Father’s revelation

We found a coffee shop near the hotel. My father ordered a chicken sandwich, his favorite. Mom and I ordered coffee and bagels. I was still very nostalgic at this point. I began describing how I felt as I heard Iranian music, the way the lyrics ran through my bones, hurting each part of me, bringing me to violent sobs. I tried to explain that my sense of loss for Iran was so great that even in lyrics I related myself to it. That every line, every painful sentence felt as if it were written for me.

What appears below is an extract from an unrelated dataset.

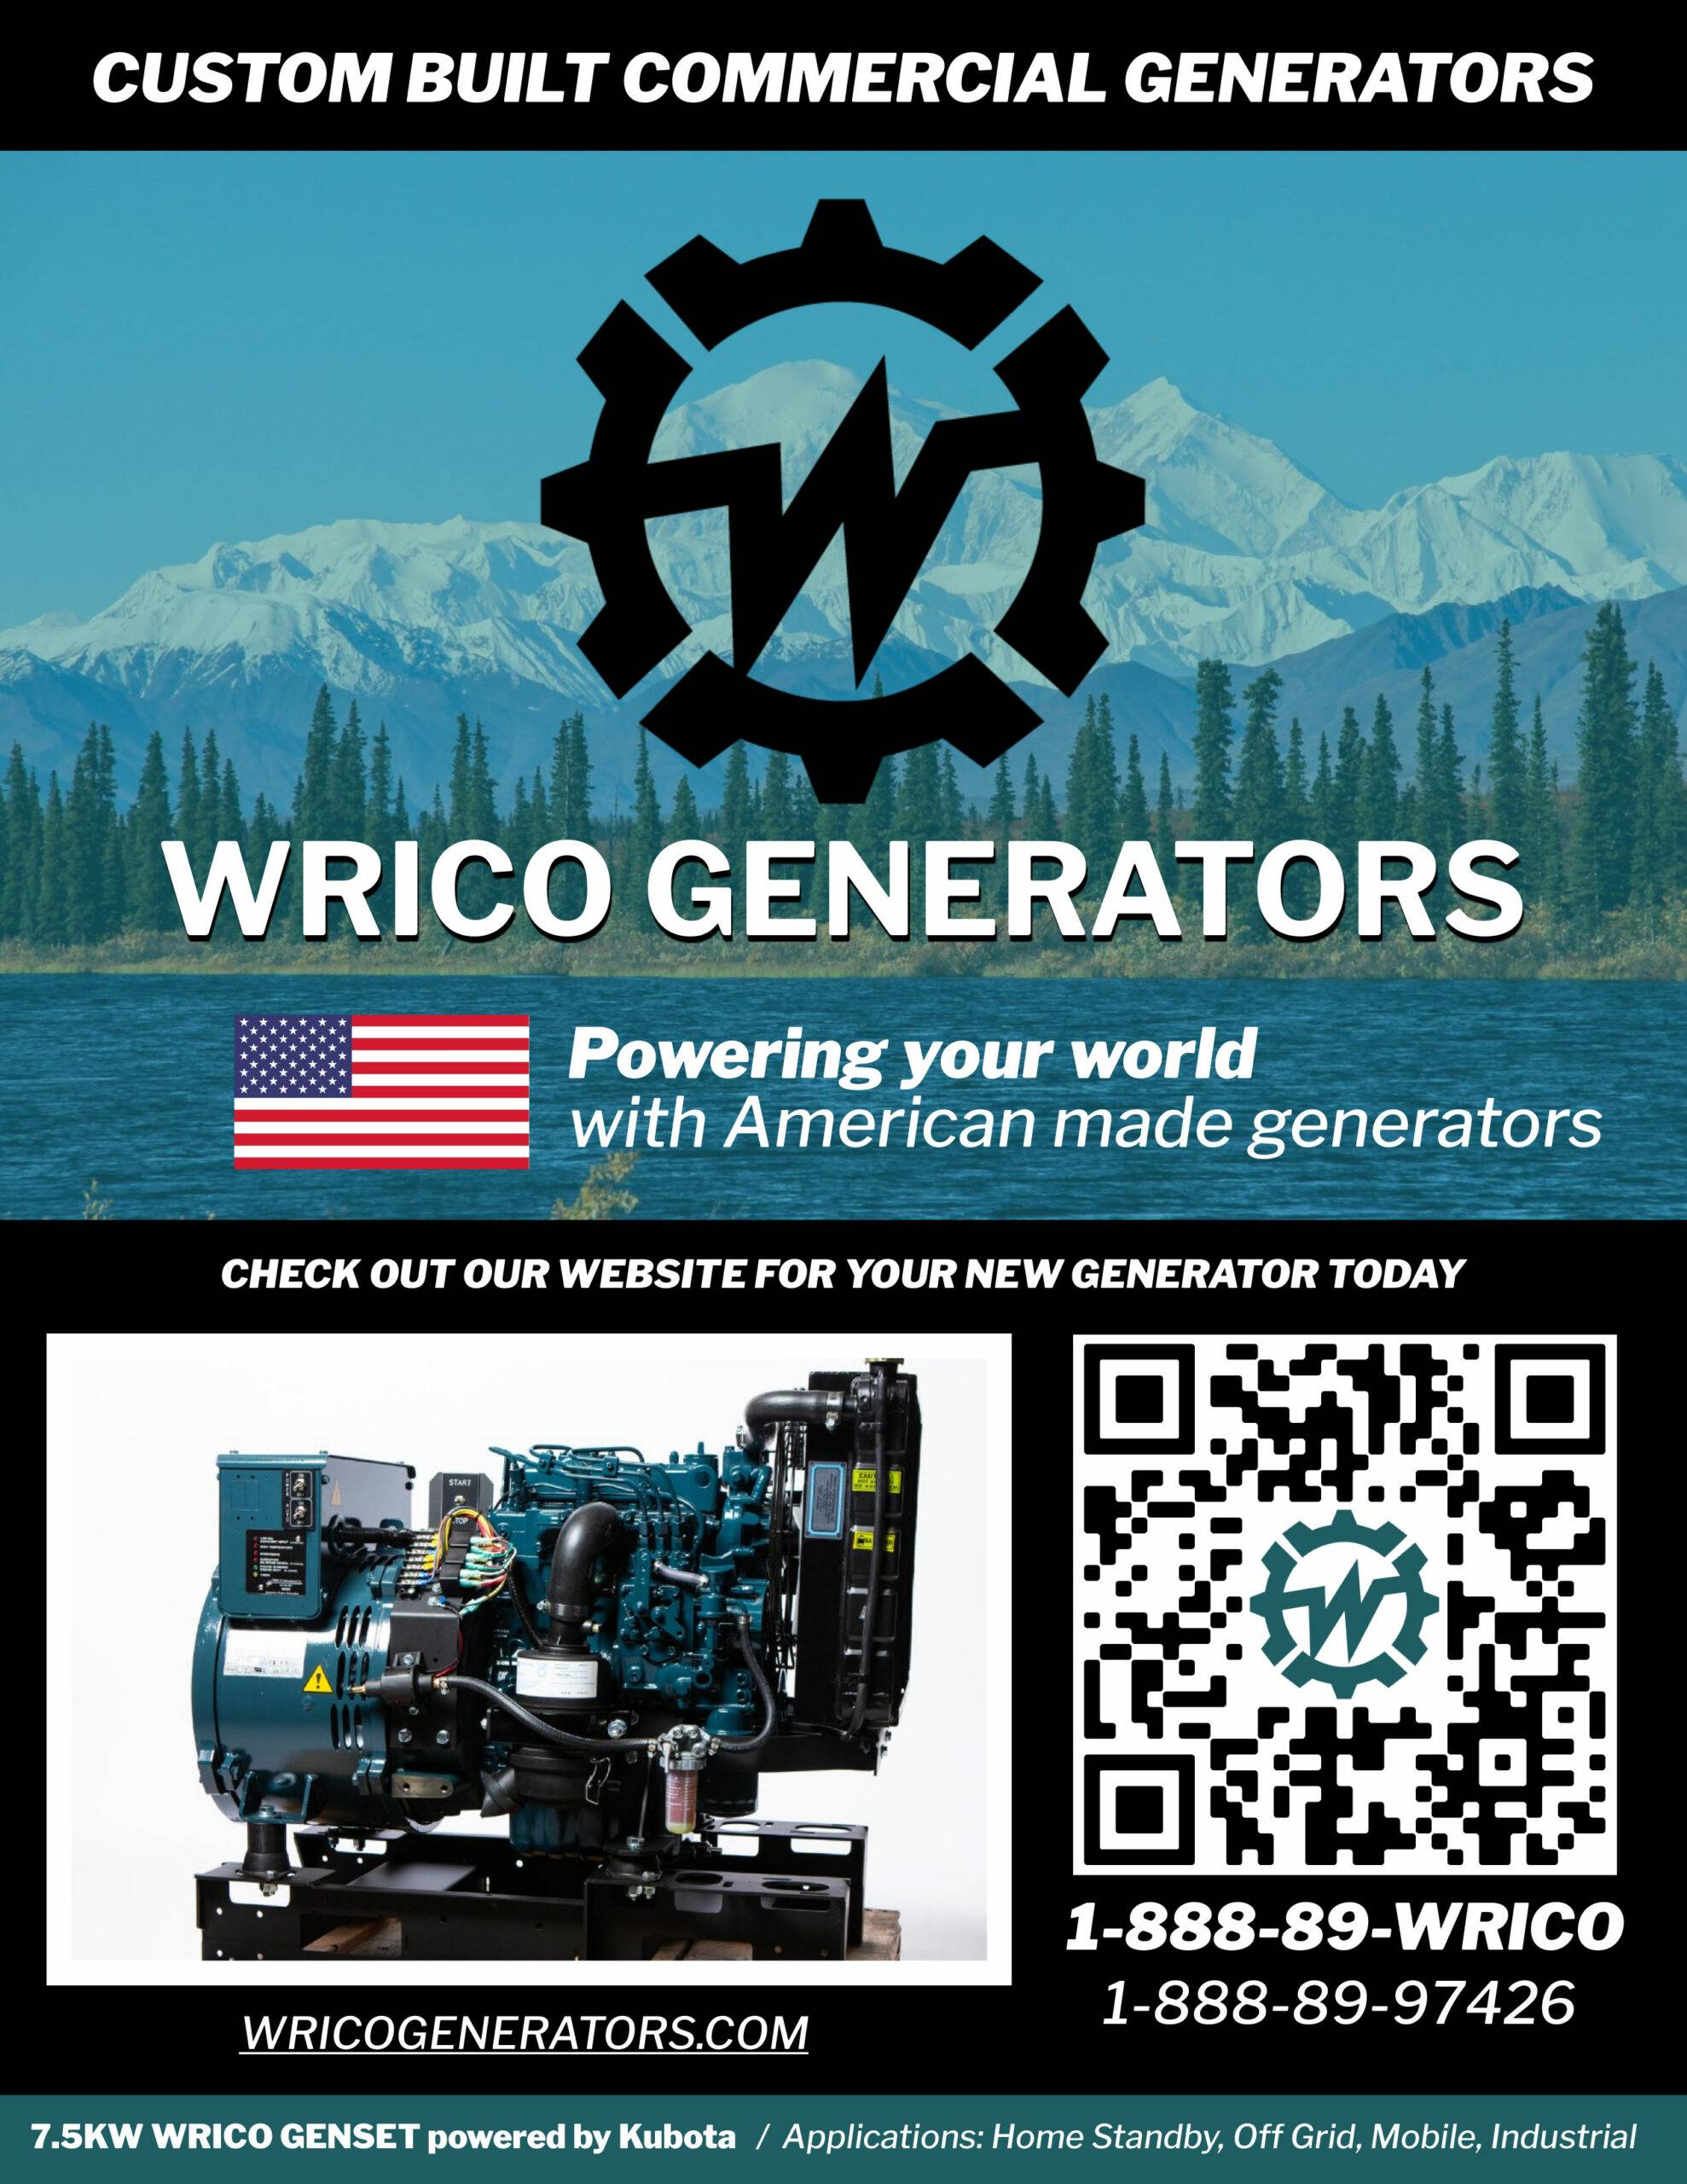 Wrico generators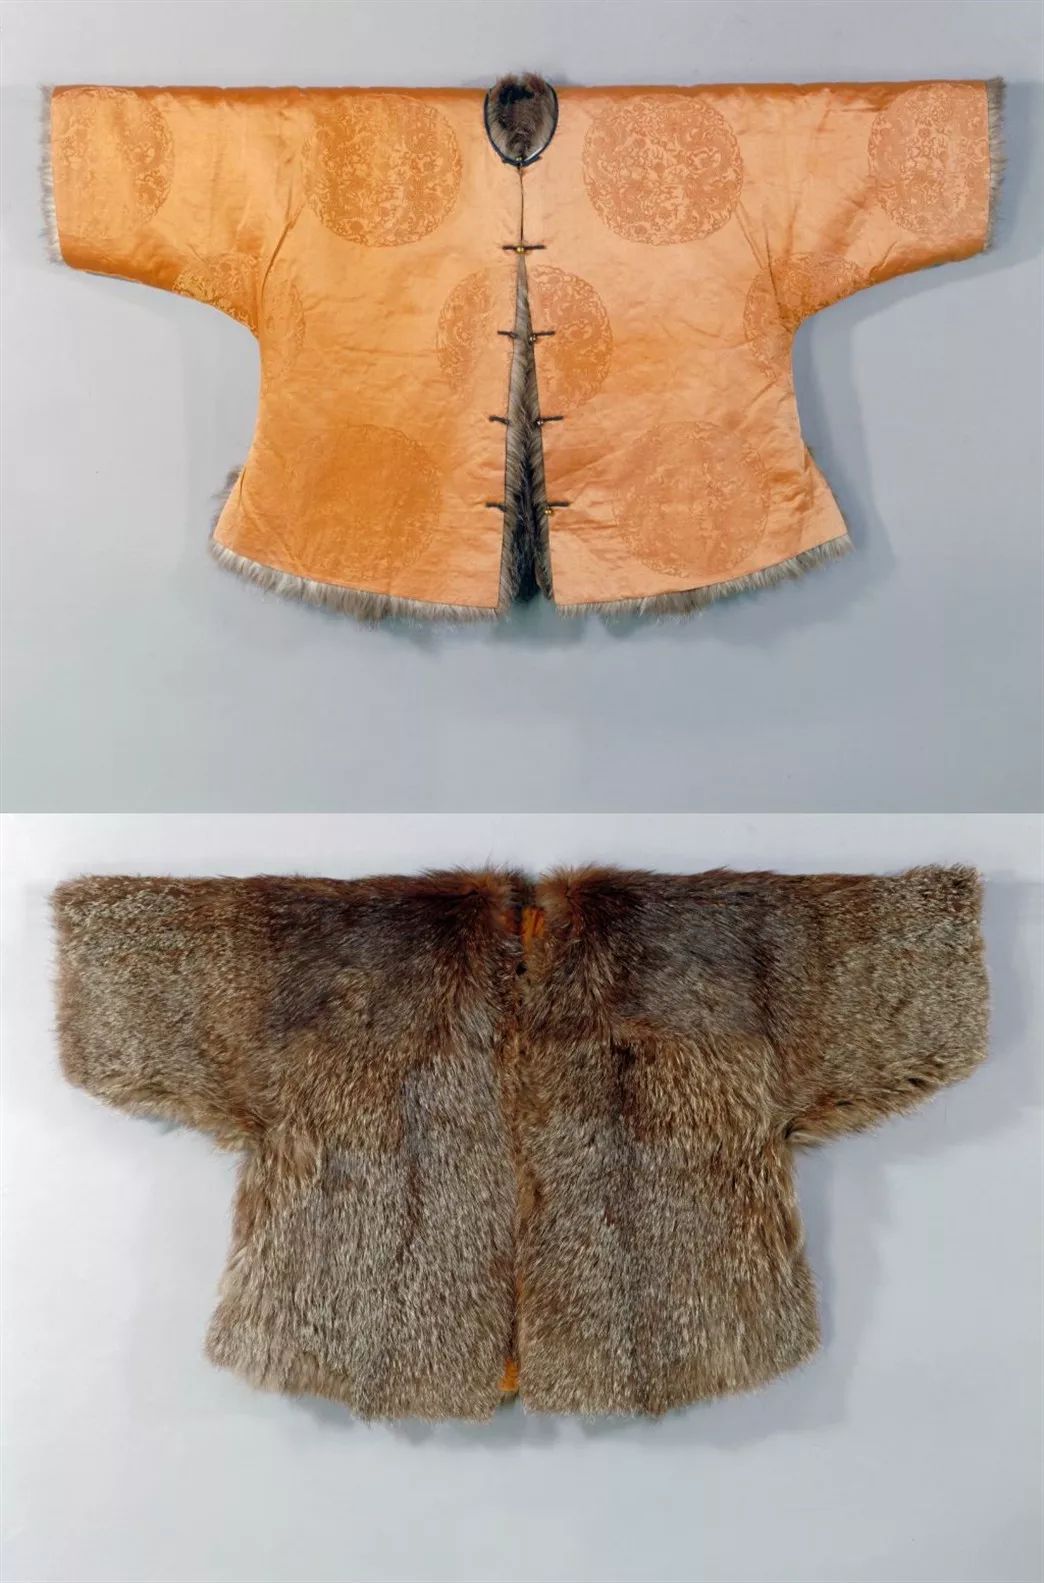 传》剧照 事实上,古人的过冬衣物比戏服更精美,齐全,暖帽,皮褂,大氅

My parents listened, and I knew my words were hard to grasp. But unlike her usual “chera?” “why?” my mother listened and said nothing.
And then my father spoke.
He opened up about the years when he was alone in America, waiting for his family, wondering when they would come to him. He hid himself in the bathroom, banged his head against the wall until he cried because like my mother, my father does not cry. It’s been 13 years since my immigration, and this is the first time my father tells me his side of the story, his loneliness, his despair.
My mother and I both tear up. My father continues to speak, and I picture him alone and sick in a country that is not his. I imagine him, and remember that he told me a similar story many years ago when my mother was gone in Iran. This is my father. He does not often share his sorrows, and here he is telling me he suffered.
We bond through this revelation, and I cherish this moment, knowing full well I may not hear this story again. I reach out and hold my father’s wrinkled, dark-veined hands. This is my father.